BEGIN Supplied material
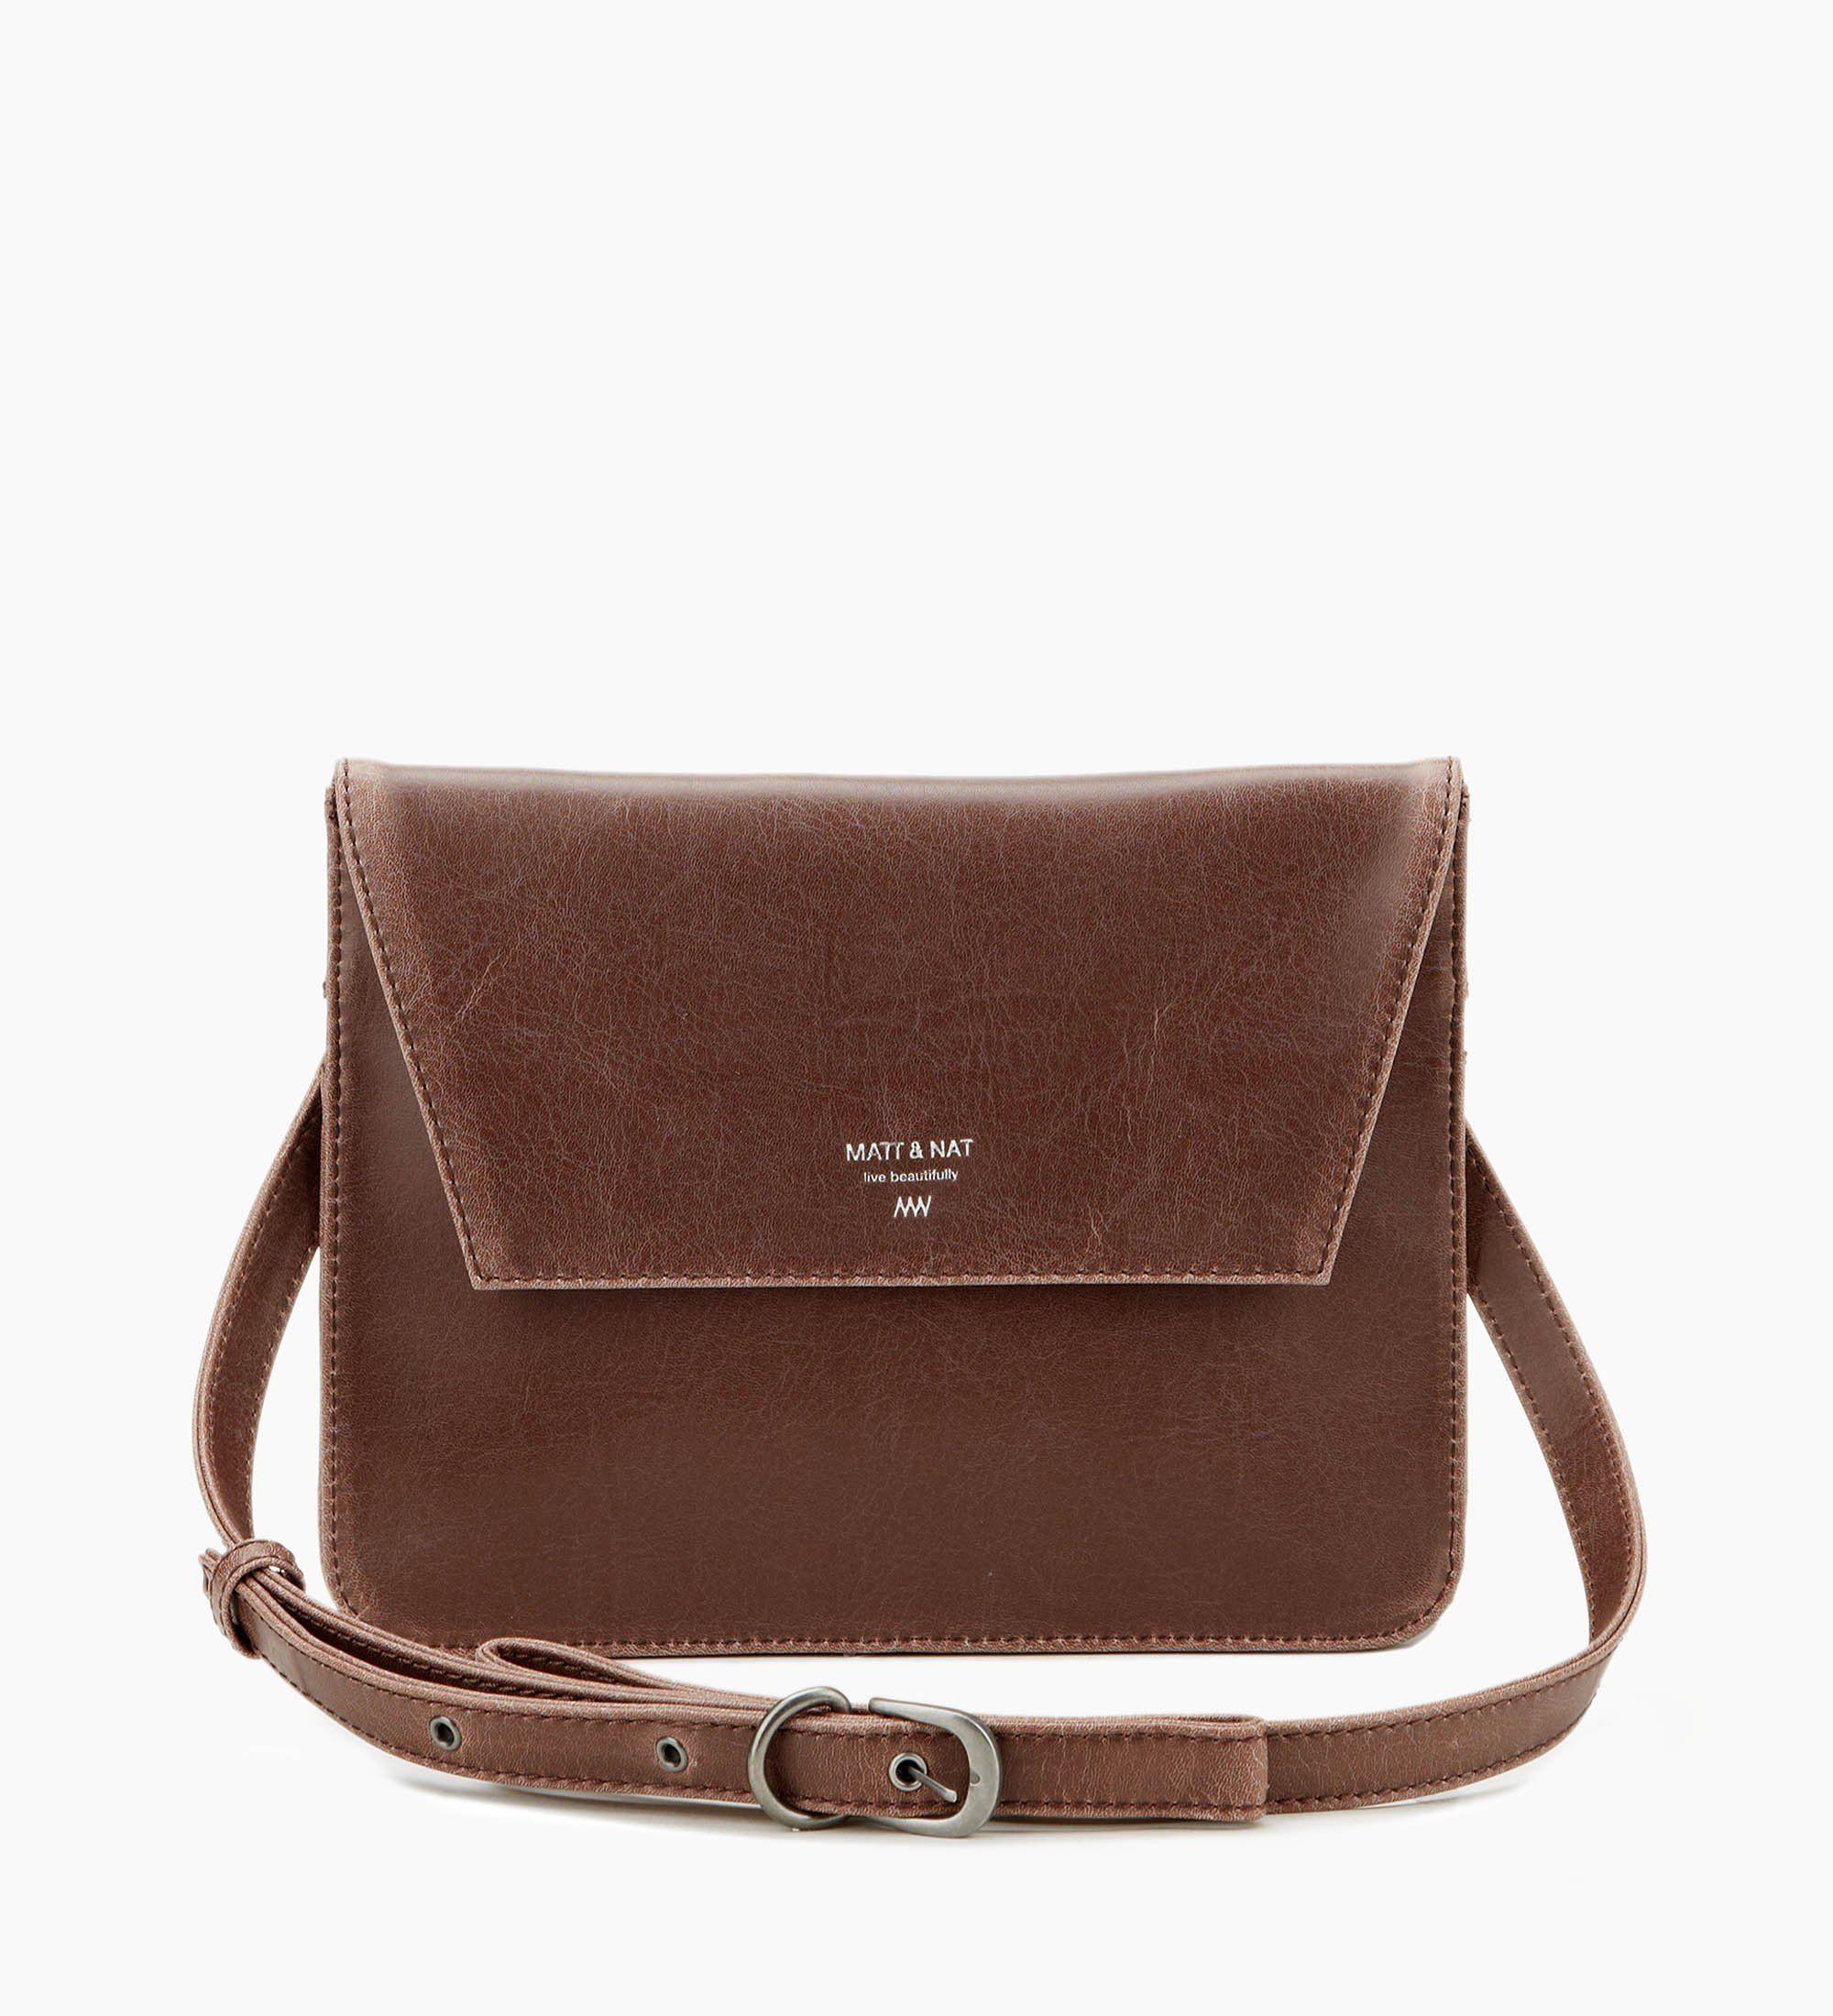 Bags Shoulder Bag Cross Body Handbags
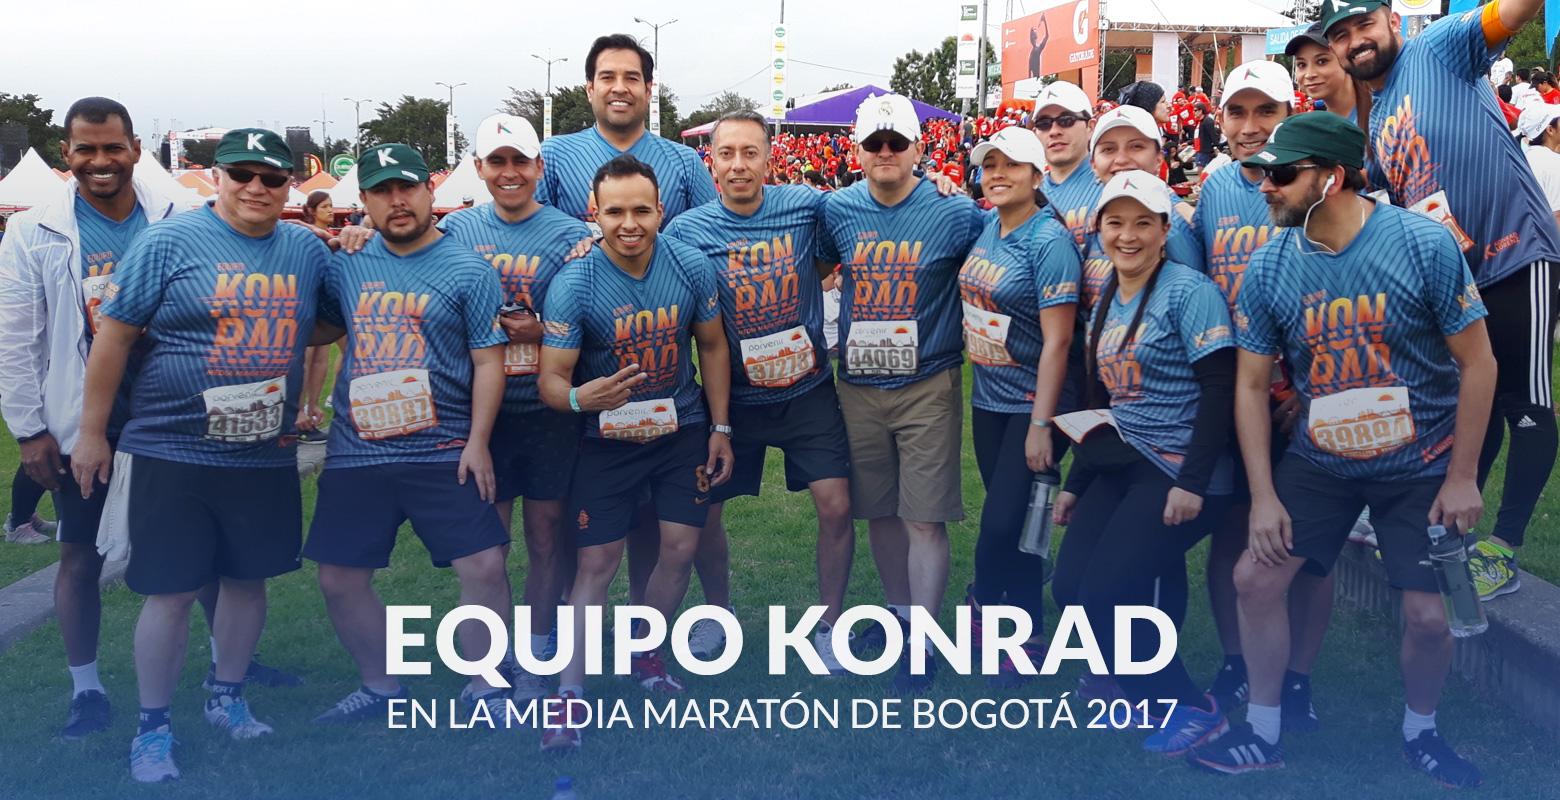 La Konrad en la Media Maratón de Bogotá 2017
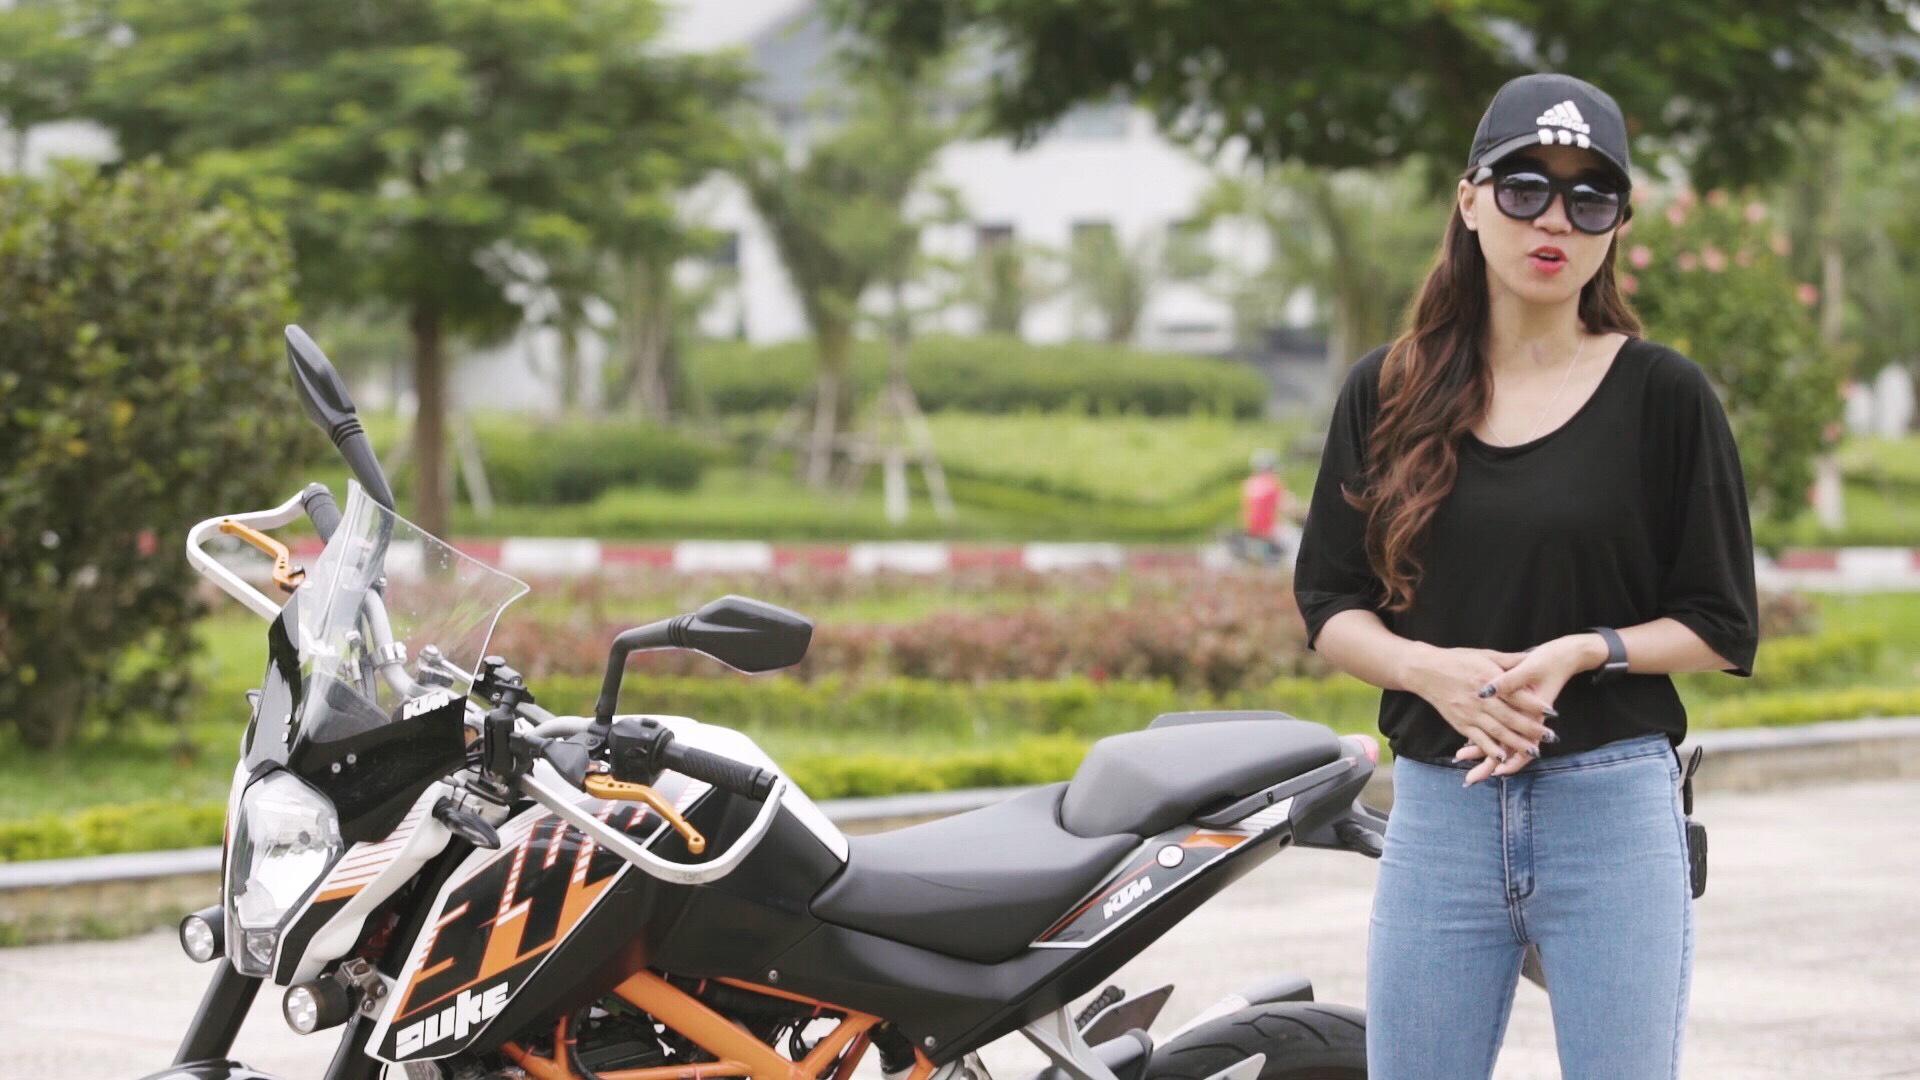 Nữ biker Diễm Trần xinh đẹp hớp hồn cánh mày râu, lại đa tài hiếm có - Ảnh 8.
END Supplied material
What you are asked to do> Restate all of the material word for word, leaving every picture out.

The completed task>
 Bags Shoulder Bag Cross Body Handbags
 La Konrad en la Media Maratón de Bogotá 2017
 Nữ biker Diễm Trần xinh đẹp hớp hồn cánh mày râu, lại đa tài hiếm có - Ảnh 8.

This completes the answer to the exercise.